The point $a^{\star}$ is in the support of $H$

We next show that it must be the case that $a^{\star}\in\operatorname{supp}(H)$ . We will need the following lemma which is the same as Lemma 5.3 but for the current setting. Just as in the setup of Lemma 5.3, let $g:\mathbb{F}_{q}^{\ell+100}$ be an arbitrary polynomial, let $\nu$ denote uniform measure over $\ell$ -flats in $\mathbb{F}_{q}^{\ell+100}$ , and let $b\in\mathbb{F}_{q}^{\ell+100}$ be an arbitrary point. Also let $\mathcal{G}\subseteq\{\mathbb{F}_{q}^{N}\xrightarrow[]{}\mathbb{F}_{q}\}$ be an arbitrary affine-invariant code.

Define the following two sets:

\mathcal{A}=\{U\;|\;\dim(U)=\ell,g|_{U}\notin{\sf Lift}_{\ell}(\mathcal{G}),b\in U\},

\mathcal{B}=\{U\;|\;\dim(U)=\ell,g|_{U}\notin{\sf Lift}_{\ell}(\mathcal{G}),b\notin U\}.

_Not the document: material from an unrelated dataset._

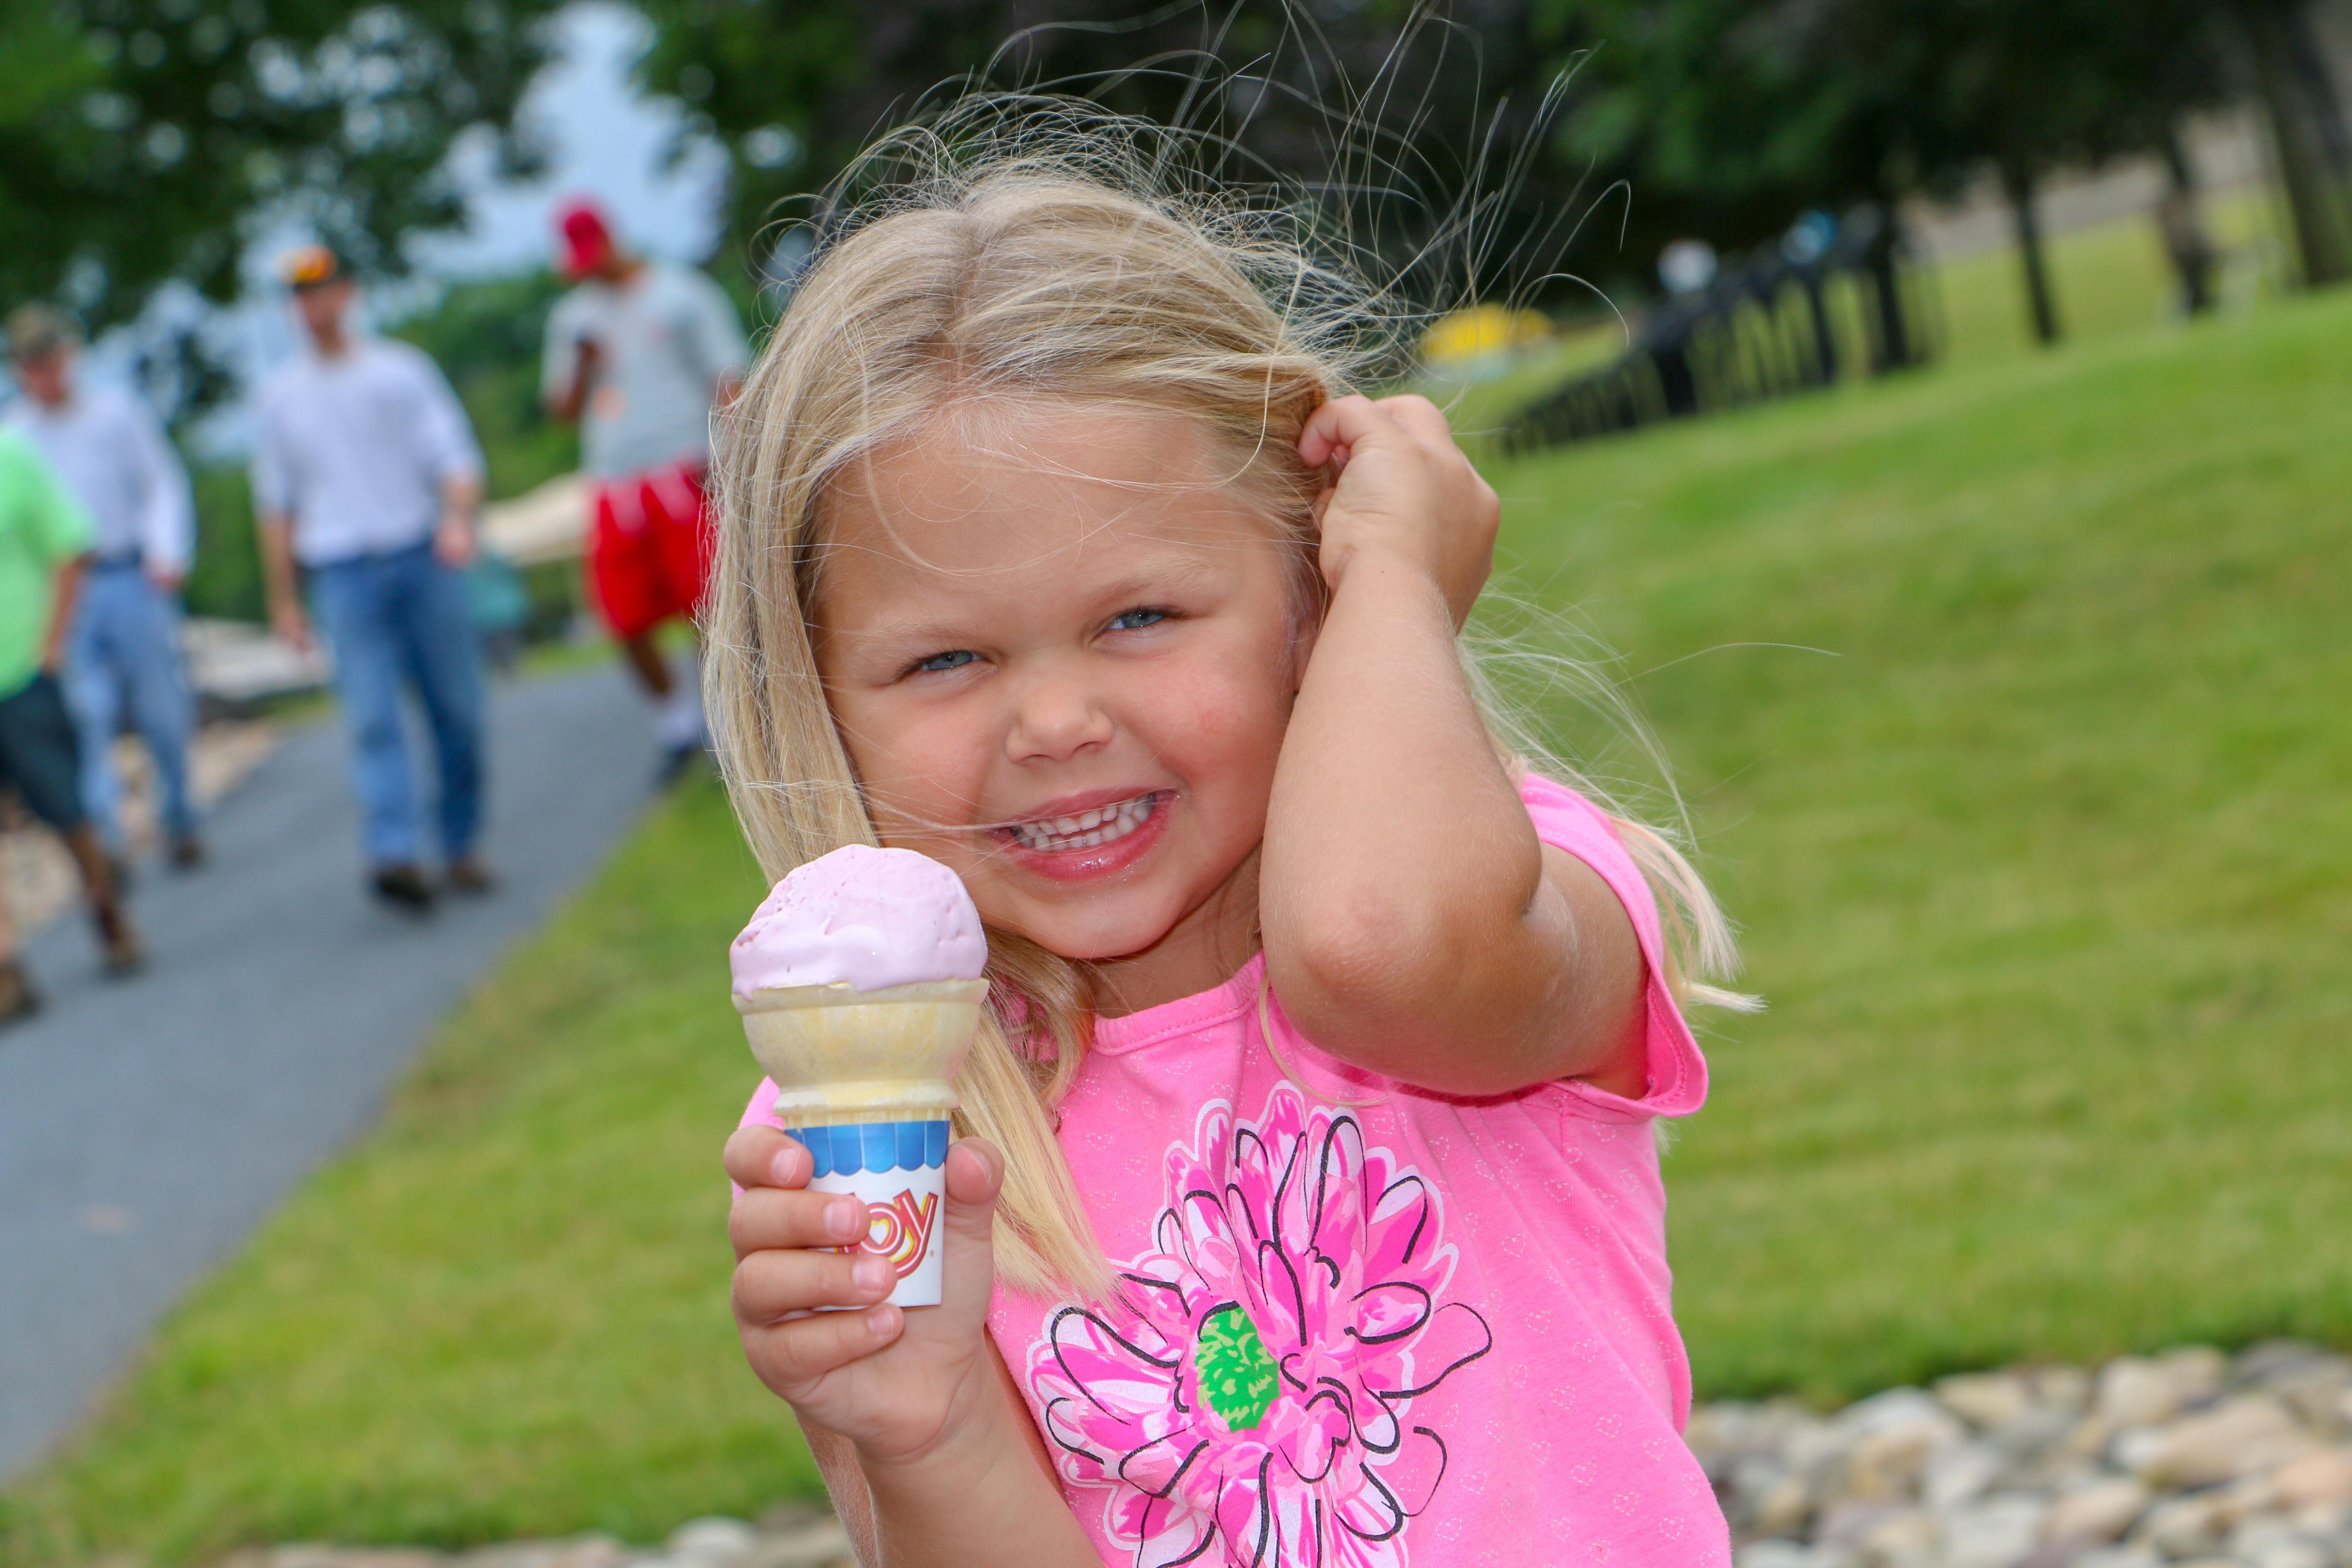 Enjoying ice cream at Spartan Ice Cream Center

Keep $\varepsilon$ and $M$ (the large absolute constant) the same as we have defined, so that $q^{M/2}O(\varepsilon)<q^{-M/2}$ is small. We will use the following result, which is an extension of the results in Section 3.2 of [31]:

Lemma 6.3.

Keep the notation defined above and suppose $\ell\geqslant\max(N,4)$ . If $\nu(\mathcal{B})\leqslant q^{M/2}O(\varepsilon)$ then $\mathcal{B}=\emptyset$ . Moreover there is a value $\gamma$ such that after changing $g(b)$ to $\gamma$ , $\nu(\mathcal{A})=0$

Proof.

The proof of this lemma is the same as the proof of Lemma 5.3, however we appeal to Lemma 6.1 instead of Lemma C.2. ∎

Following the same steps as in the proof of Lemma 5.4, this lemma almost immediately shows that it must be the case $a^{\star}\in\operatorname{supp}(H)$ . Suppose for the sake of contradiction that $a^{\star}\notin\operatorname{supp}(H)$ , and that it is the group of coordinates $(a^{\star}_{m(i)},\ldots,a^{\star}_{m(i+1)-1})\notin\operatorname{supp}(P_{i})$ . By assumption $P_{i}$ is a $t^{\prime\prime}$ -variate polynomial for $t^{\prime\prime}\leqslant t^{\prime}$ . Let

\mathcal{F}_{t^{\prime\prime}}(P_{i})=\{g:\mathbb{F}_{q}^{t^{\prime\prime}}\xrightarrow[]{}\mathbb{F}_{q}\;|\;\langle g\circ T,P_{i}\rangle=0,\forall T\in\mathcal{T}_{t^{\prime\prime},t^{\prime\prime}}\}.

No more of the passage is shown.